Economia & Lobby

Lucchini, addio all’industria soffocata dai salotti

Luigi Lucchini ha avuto il torto di morire, due giorni fa a 94 anni, postumo di se stesso. È la sua parabola di self made man, protagonista della ricostruzione del Dopoguerra, è finita in parole d’occasione coniugate al presente, tempo a lui ormai estraneo.

Così l’Unità, che nel 1984, in pieno scontro sul taglio della scala mobile, vide un “grave attacco al Pci” nel suo insediamento alla presidenza della Confindustria , ieri ha scoperto che aveva ragione il “falco”. Secondo Massimo Mucchetti, giornalista economico oggi senatore Pd, allora “il sindacato si scandalizzò per l’arroganza padronale”, e invece “non si chiese se stesse facendo un buon uso del suo potere”.
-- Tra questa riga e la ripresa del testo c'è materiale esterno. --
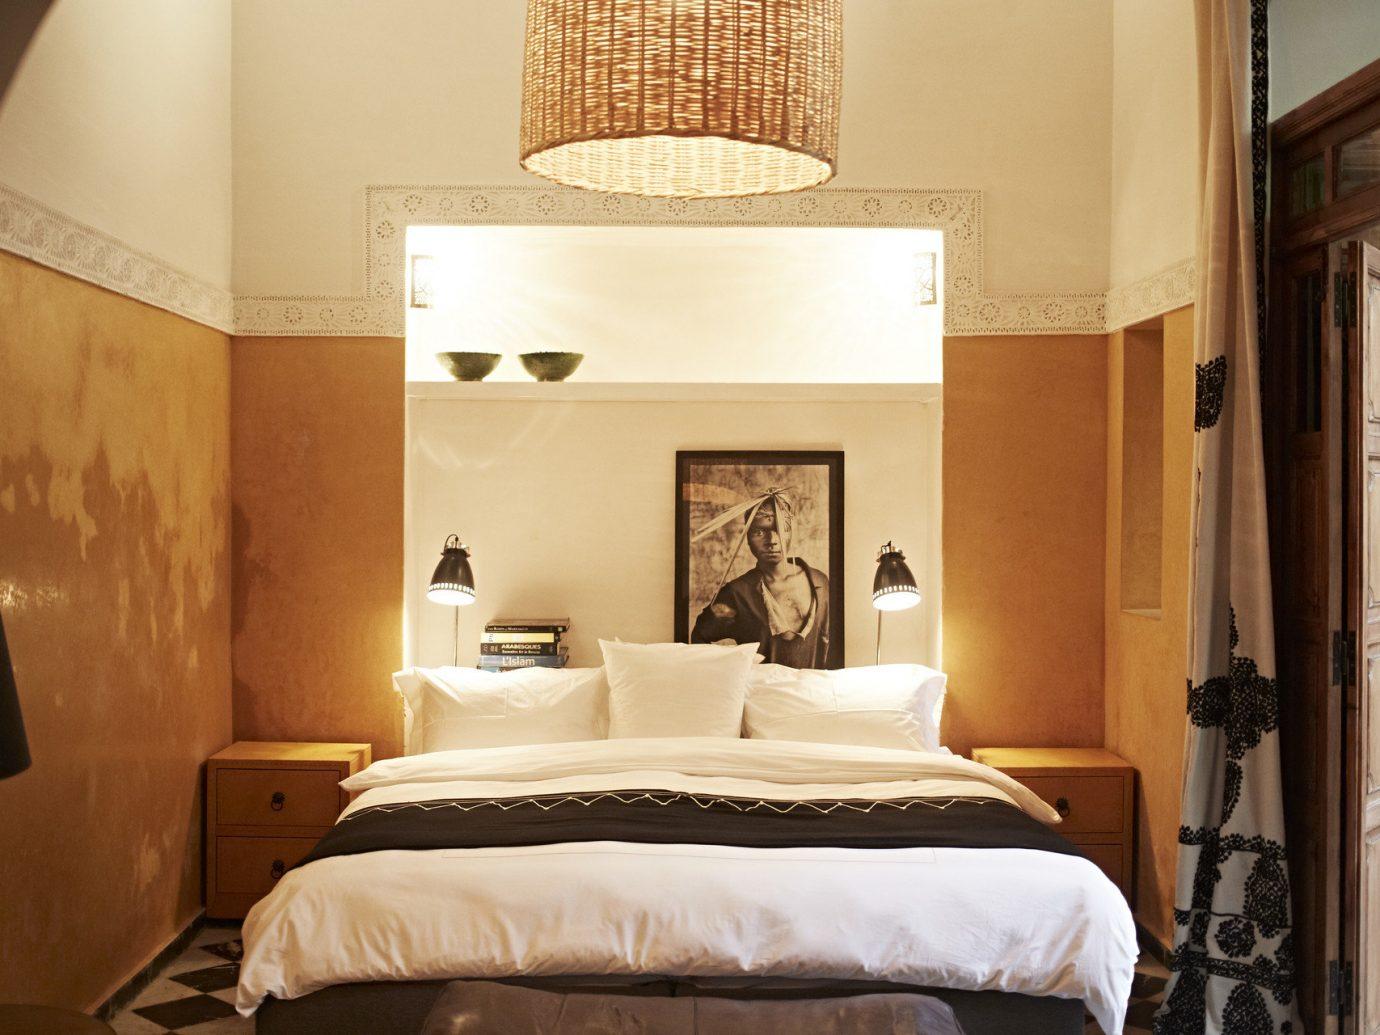 Arts + Culture Influencers + Tastemakers Marrakech Morocco Style + Design Travel Shop Trip Ideas wall bed indoor room property estate hotel Bedroom Suite interior design home floor cottage Villa mansion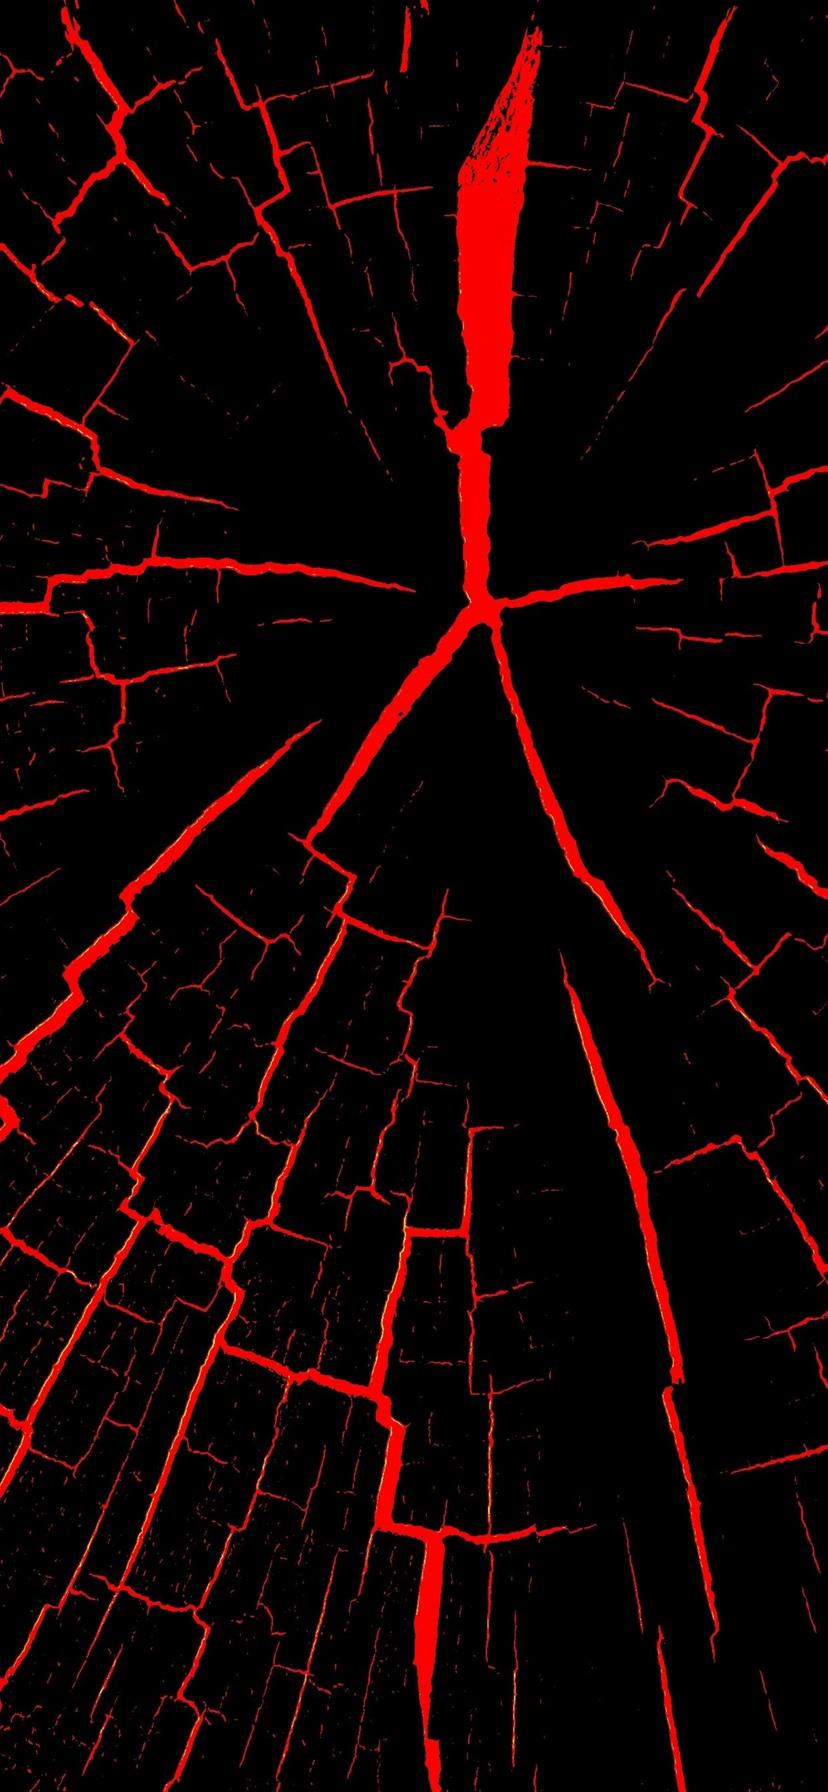 Cracks black and red

Tocca al Corriere della Sera, di cui Lucchini è stato anche presidente, il ritratto in negativo di uno sconfitto che, all’età di anni 85, dovette vendere il suo impero siderurgico ai russi della Severstal . La “fine di un sogno” ha “reso amari quanto un veleno i suoi ultimi anni”. Ma la cosa più amara, leggiamo, fu scoprire che i “salotti buoni” di cui era stato a lungo protagonista (azionista di Mediobanca, presidente di Montedison, Comit e Rcs) al momento decisivo, nel 2004, lo avevano “lasciato solo”.

La storia di Lucchini è esemplare dell’insano rapporto tra la grande impresa delle dinastie (Agnelli, Pirelli, Pesenti…) che gestivano il potere sotto la regia di Enrico Cuccia, e le imprese emergenti dei Lucchini, degli Arvedi, dei Merloni. I primi usavano i secondi, finché servivano.

Lucchini, quando era Lucchini, raccontava con acuta ironia di quando Gianni Agnelli lo convocò a villa Frescot per affidargli la Confindustria, e lui andò un po’ emozionato, perché non conosceva l’Avvocato. Era l’Italia dei mitici anni 80. Poi smisero di usarlo, perché aveva 85 anni, e perché possedeva solo la sua esperienza e intelligenza, ma nessun pacchetto azionario strategico: a Brescia si dava credito a Romain Zaleski perché consolidasse l’azionariato di Intesa Sanpaolo, ma non al cavalier Lucchini, siderurgico.

E questo era il declino italiano. Che uomini anche saggi e lungimiranti come Lucchini non sono mai riusciti a denunciare.